Mahallenin özellikle son on yılda yoğun bir Hasidim göçü aldığı bir gerçek. Kilise türü diğer cemaat yapılarının içi boş ve sayısı sabit kalırken, hemen her köşe başında ardarda Hasidim havra ve okullarının açılması, birçok insanda Hasidik nüfusun yakında çoğunluğa ulaşacağı ve mahallenin bir Hasidim gettosuna dönüşeceği korkusunu pekiştirmekte. İlginç bir şekilde, bu korkuyu en çok dillendirenler, mahallelerindeki değişime başından beri tanık olan semtin eski sakinleri değil, Yunanlısından Polonyalısına, Latin Amerikalısından Ermenisine, Rusundan Lübnanlısına, son yıllarda dünyanın çeşitli yöre ve kültürlerinden gelip yerleşenlerdir. Bu yeni sakinlerin içinde elbette dindar olanlar da vardır, ya da en azından, dini kimliklerini bir biçimde koruyanlar mutlaka mevcuttur, ama bunların büyük çoğunluğu sıkı sıkıya dinle örtülü “ortodoks” bir yaşam tarzına ne alışıktır, ne de böyle bir tarza karşı duydukları tepkiyi gizlemeye hazırdır. Mahallede sayısı az olan Türklerden birinin, Hasidimlerin artan mevcudiyetinden bahsederken, “burayı da Fatih Çarşamba’ya çevirdiler!” diye söylenmesi hâlâ hatırımda.

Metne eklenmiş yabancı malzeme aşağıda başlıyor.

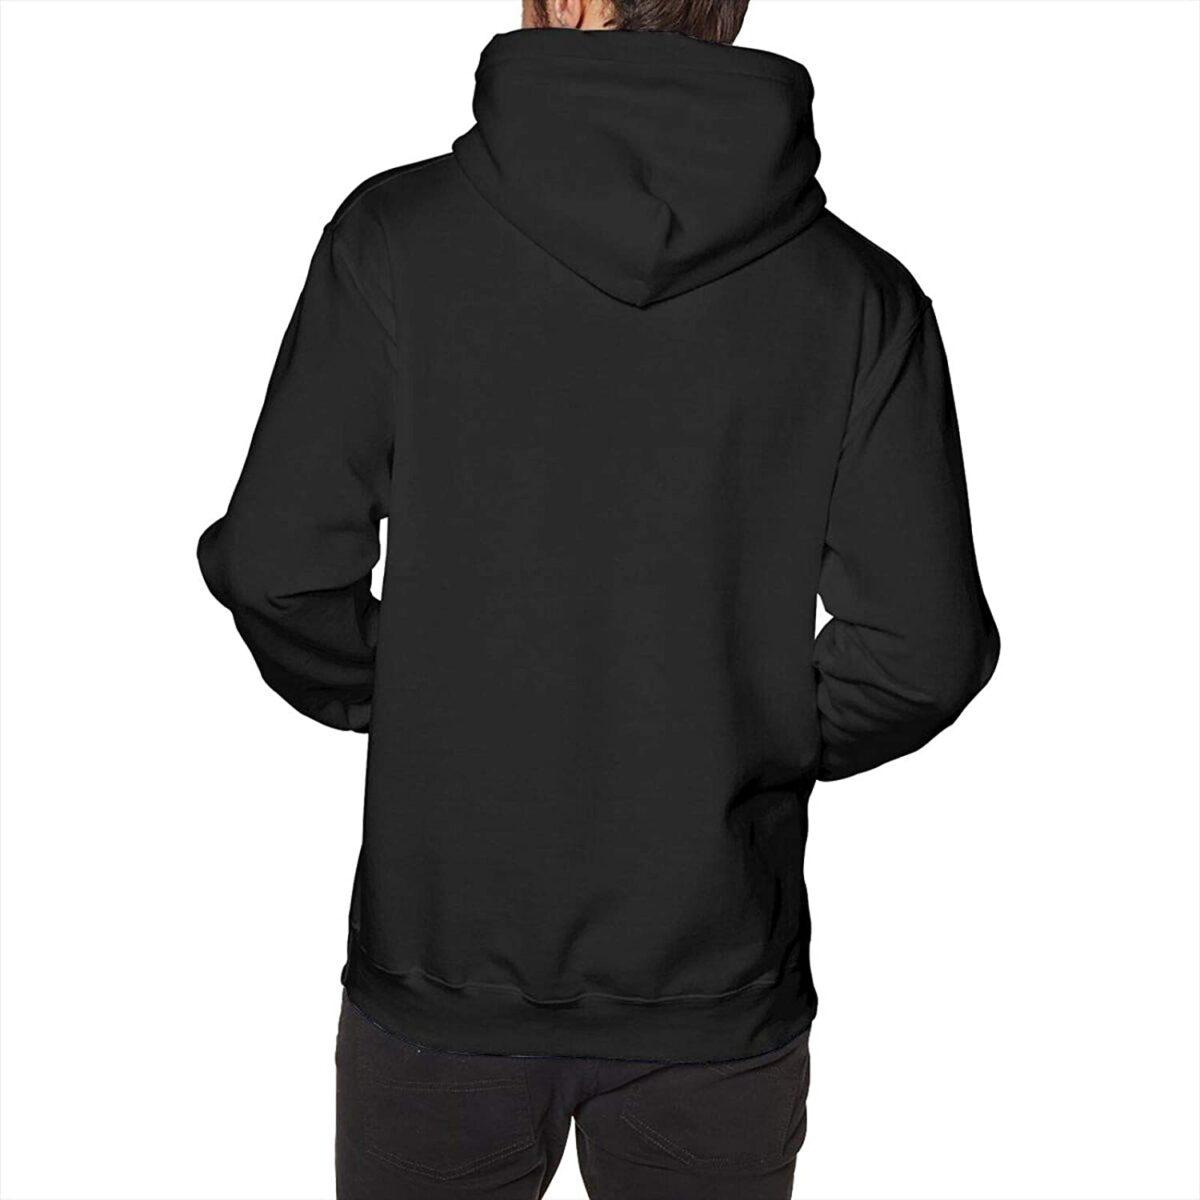 TRIOEPU Shroud Long Sleeve Pullover Hoodies Casual Light Hooded Sweatshirt

Aslen Katolik olan, ancak kiliseleriyle doğum ve ölüm törenleri dışında pek bir ilgileri kalmamış görünen Fransız kökenli ve Fransızca konuşan Quebec’liler, yanılmıyorsam mahallenin halen hakim unsuru durumunda. Geçmişlerinde Kanada’nın İngiliz kesimi tarafından maruz kaldıkları sömürü ve ayrımcılığa rağmen, bugün oldukça yüksek bir yaşam düzeyini tutturmuş görünüyorlar. En azından içinde yaşadıkları bölge, şehrin en zengini olmasa bile, sosyal aktiviteleri, popüler lokantaları, hareketli kütüphaneleri, spor alanları, ağaçlıklı yolları, sevimli parkları ve ferah yerleşim düzeniyle, orta ve orta-üst sınıf bir “burjuva” mahallesi sayılabilir. Bir bakıma, liberal bir ortamın kök salması için hemen hiç bir şeyin eksik olmadığı bir mahalledir bu. Gerek özgül geçmişleri, gerekse içinde yaşadıkları nispi refah dolayısıyla, bu liberal ortamdan en çok nasibini alanların mahallenin Quebec’li sakinleri olduğu düşünülebilir. “Politik doğruluk”tan kolay kolay sapmamaları da, bu liberal ortamı hayli içselleştirmiş olmalarının bir sonucu herhalde. Ama işte onlar bile, son zamanlarda kızgınlıklarını saklayamaz bir görüntü içindeler.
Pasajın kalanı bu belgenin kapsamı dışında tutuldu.